Several studies have demonstrated the importance of nicotinic mechanisms in the pathophysiology of neurodegenerative and
cognitive disorders, warranting the search and development of novel nicotinic
ligands as potential therapeutic agents. The present study was designed to assess whether the subtype-selective
nicotinic acetylcholine receptor (nAChR)
ligand SIB-1553A [(+/-)-4-([2-(1-methyl-2-pyrrolidinyl)ethyl]thio)
phenol hydrochloride], with predominant agonist activity at beta4 subunit-containing human nAChRs, and no activity at muscle nAChR subtypes, could enhance cognitive performance in rodents with a more desirable safety/tolerability profile as compared to the nonselective prototypic nAChR
ligand nicotine.
SIB-1553A was equi-efficacious to
nicotine in improving working memory performance in
scopolamine-treated mice as measured by increased alternation in a T-maze, and was more efficacious than
nicotine in improving the baseline cognitive performance of aged mice. This effect on working memory was confirmed in a delayed nonmatching to place task using the eight-arm radial maze.

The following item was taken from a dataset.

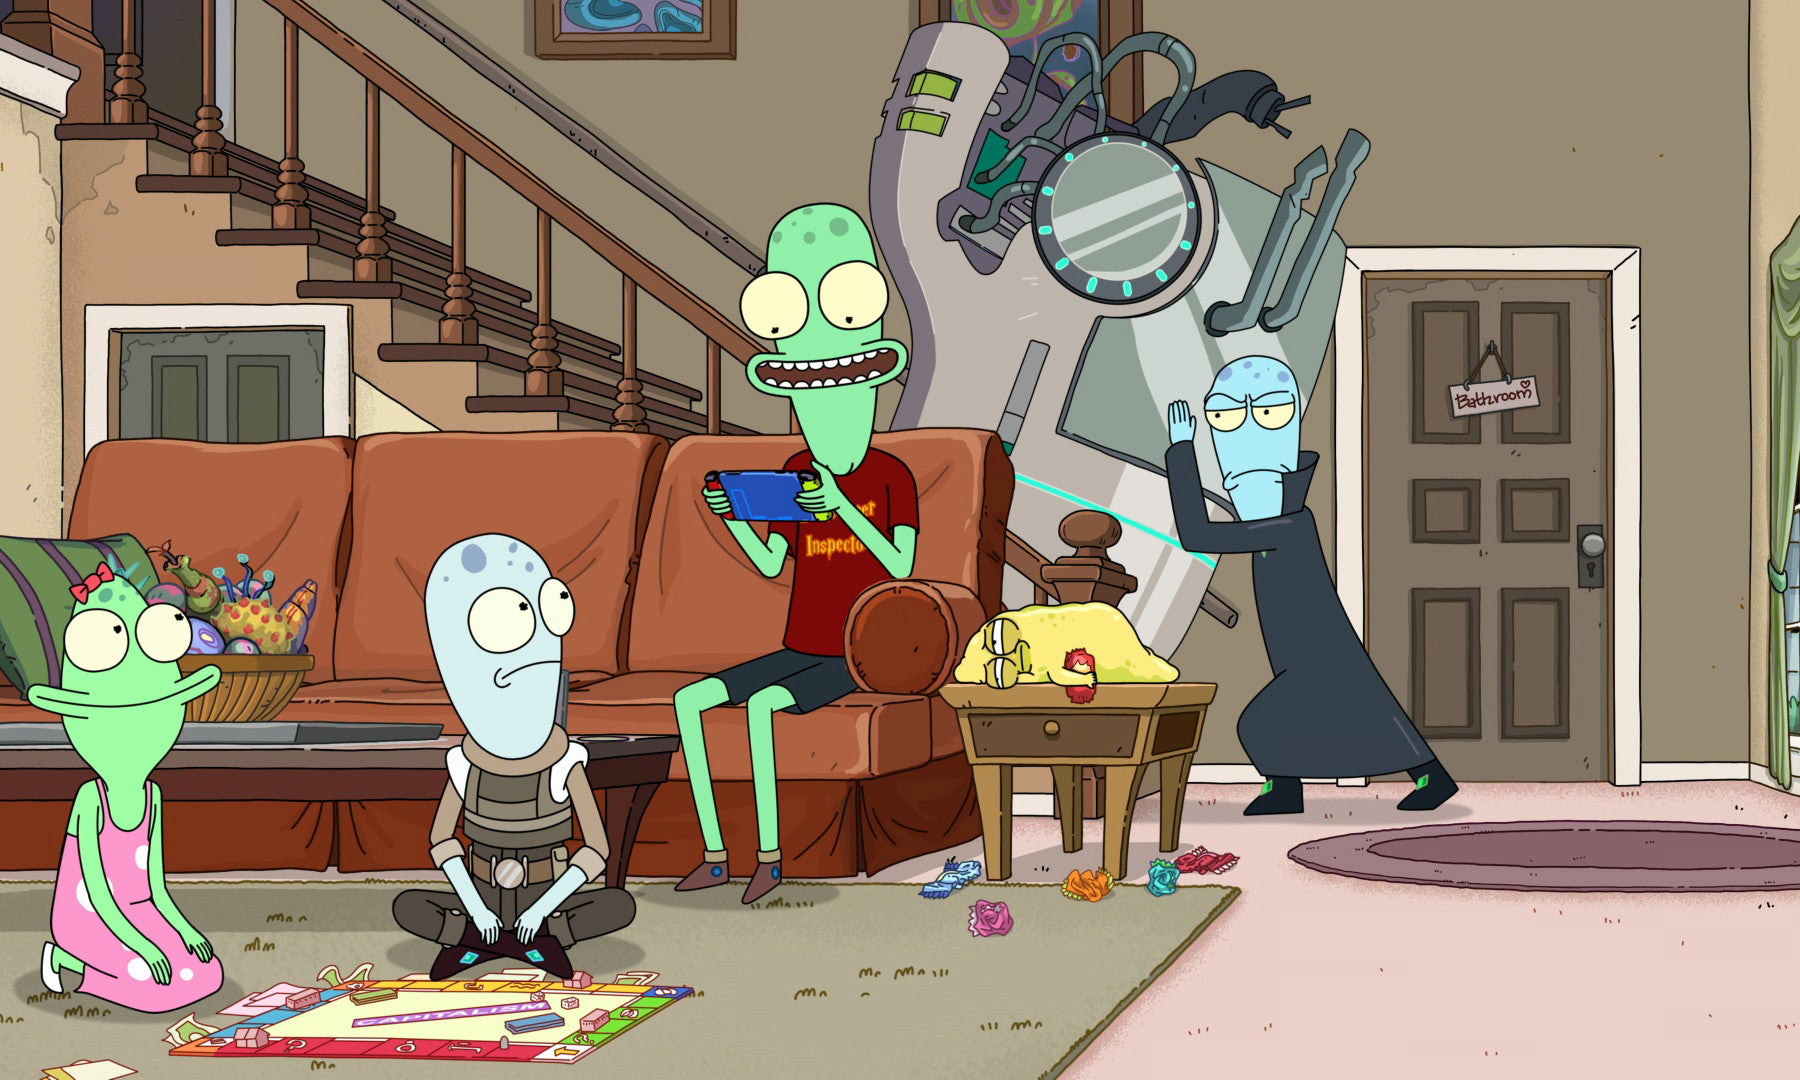 《瑞克和莫蒂》主创打造,全新动画片《外星也难民》曝光正式预告片
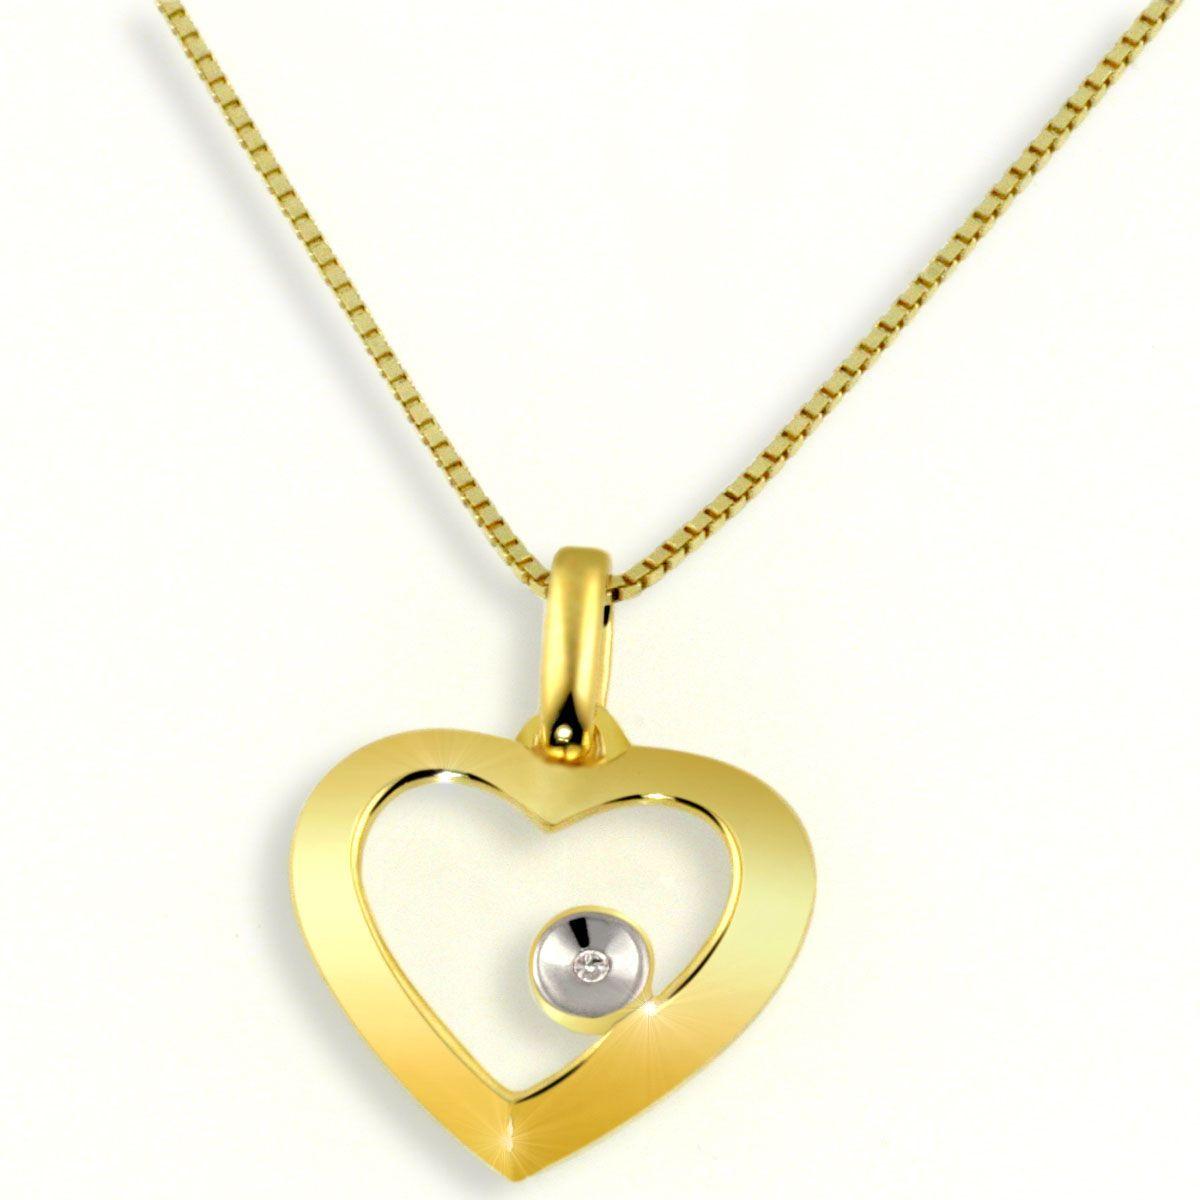 AVERDIN Averdin Collier Gelbgold 585/- Herz mit Diamant

SIB-1553A produced dose-dependent side effects (ie motor deficits and
seizures), although these effects were observed at doses 12 to 640-fold above those required to increase cognitive performance. Overall,
SIB-1553A was significantly less potent than
nicotine in eliciting these undesirable effects. Thus, the subtype-selective profile of
SIB-1553A appears to translate into a more efficacious and better tolerated nAChR
ligand as compared to
nicotine. In the present studies, cognitive enhancement induced by
SIB-1553A was similar in magnitude to that produced by the clinically efficacious
acetylcholinesterase inhibitor donepezil. Taken together, the present data confirm the importance of nAChR subtypes in modulating cognitive processes, and suggest that activation of nAChR subtypes by selective nAChR
ligands may be a viable approach to enhance cognitive performance.